As a result, the present invention is completed by finding out that
it is possible to suppress the deterioration of the aerodynamic
characteristics of the steam turbine blade by suppressing the
surface roughness change caused by the oxidation, and to maintain
the turbine performance at a high level for a long time by
maintaining the initial high aerodynamic characteristics for the
steam turbine blade.
[0018] Namely, an aspect of the steam turbine of the present
invention includes: a turbine rotor; a rotor blade implanted to the
turbine rotor; a stator blade provided at an upstream side of the
rotor blade; and a turbine casing supporting the stator blade and
including the turbine rotor, the rotor blade and the stator blade,
in which a stage is formed by a pair of the rotor blade and the
stator blade, and a steam passage is formed by arranging plural
stages in an axial direction of the turbine rotor, and in which a
surface treatment suppressing an increase of a surface roughness
caused by oxidation is performed for at least a part of a surface
of the stator blade and a surface of the rotor blade.

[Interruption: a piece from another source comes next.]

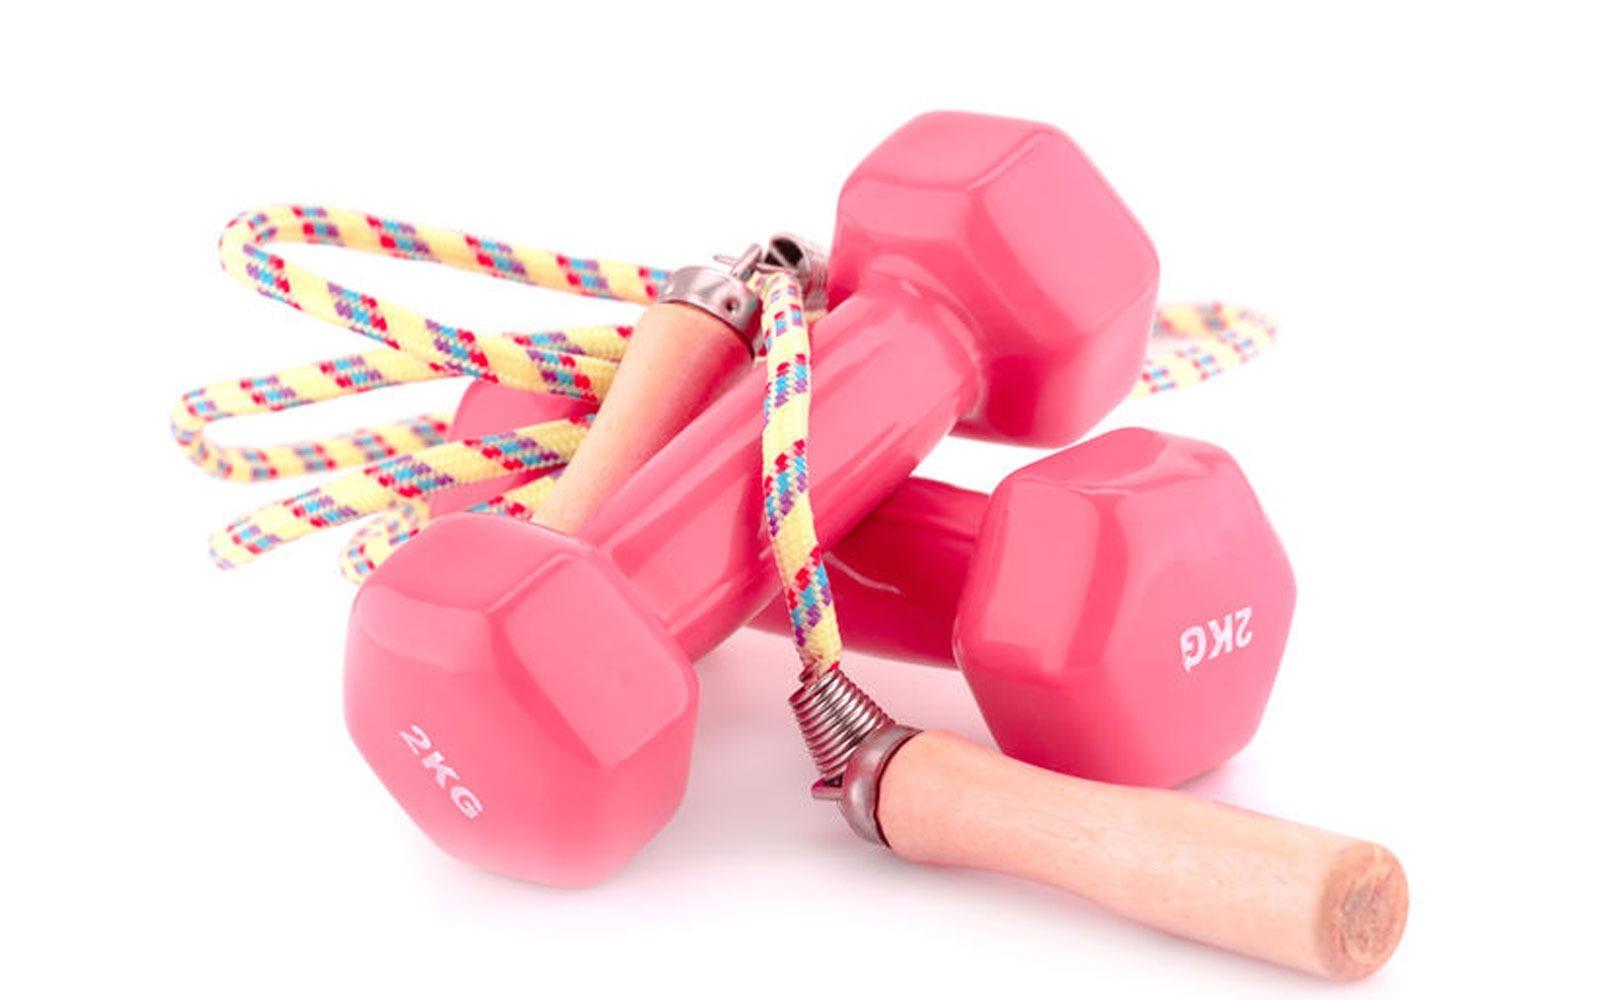 Perlukah Penderita Diabetes Makan Sebelum Olahraga?
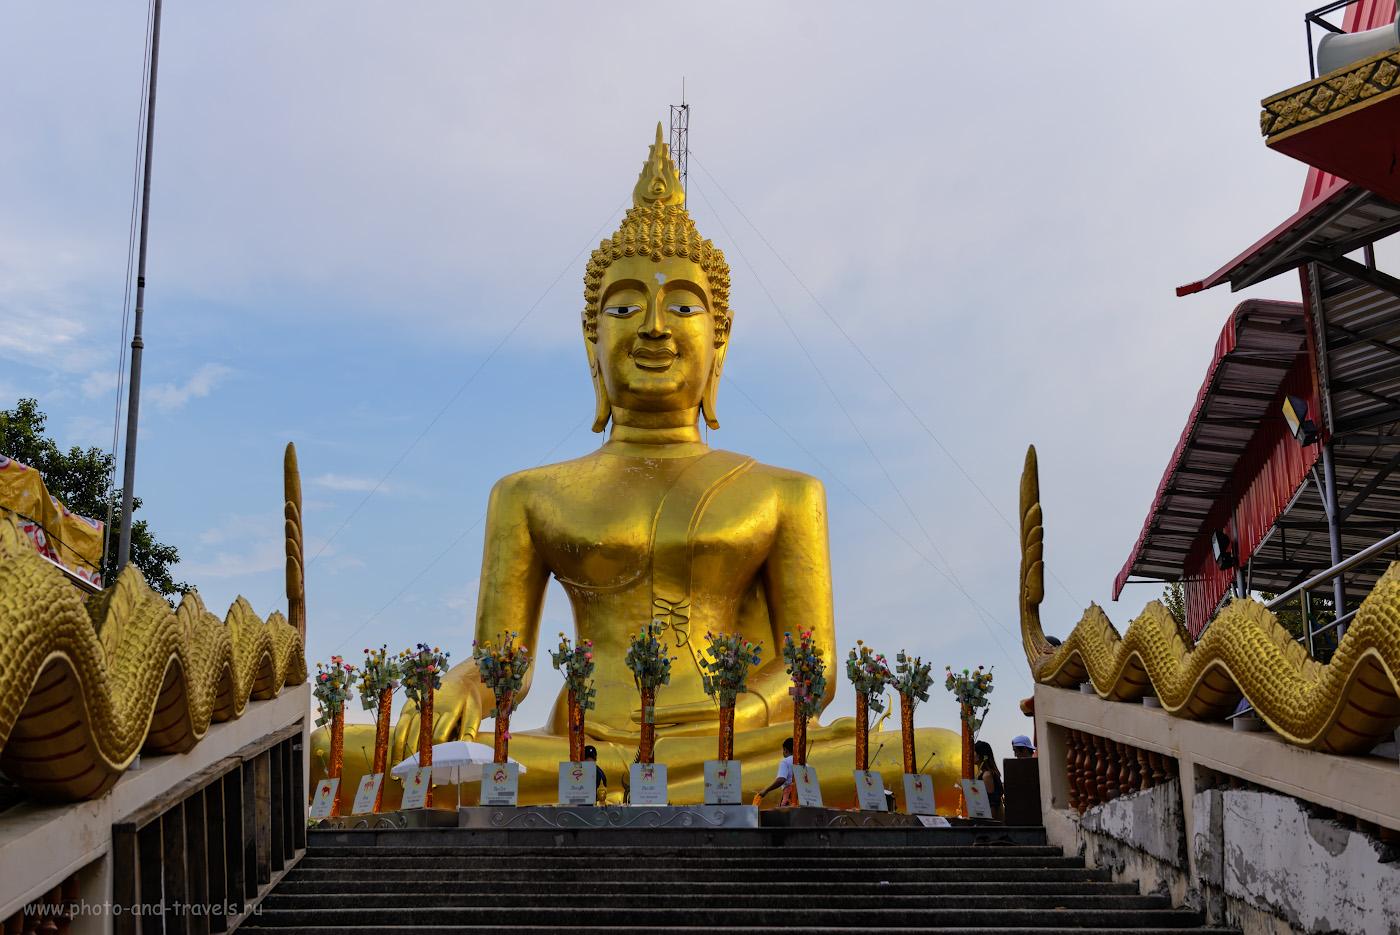 Фото 24. Статуя Большого Будды в храме Ват Пхра Яй (Wat Phra Yai) на холме Пратамнак в центре Паттайи. Куда сходить вечером. 1/200, +1.0, 4.5, 100, 52.

[0019] Besides, an aspect of a steam turbine blade of the present
invention, used for a steam turbine including: a turbine rotor; a
rotor blade implanted to the turbine rotor; a stator blade provided
at an upstream side of the rotor blade; and a turbine casing
supporting the stator blade and including the turbine rotor, the
rotor blade and the stator blade, in which a stage is formed by a
pair of the rotor blade and the stator blade, and a steam passage
is formed by arranging plural stages in an axial direction of the
turbine rotor, as the stator blade or the rotor blade, in which a
surface treatment suppressing an increase of a surface roughness
caused by oxidation is performed for at least a part of surfaces
thereof.
BRIEF DESCRIPTION OF THE DRAWINGS
[0020] FIG. 1 is a view schematically illustrating a cross
sectional configuration of a substantial part of a steam turbine
and a steam turbine blade according to an embodiment of the present
invention.
[0021] FIG. 2 is a conceptual view of a rankine cycle in a steam
turbine power generation system.
[0022] FIG. 3 is a view schematically illustrating a substantial
configuration of a steam turbine blade according to an embodiment
of the present invention.
DETAILED DESCRIPTION
[0023] Hereinafter, an embodiment of the present invention is
described in detail with reference to the drawings.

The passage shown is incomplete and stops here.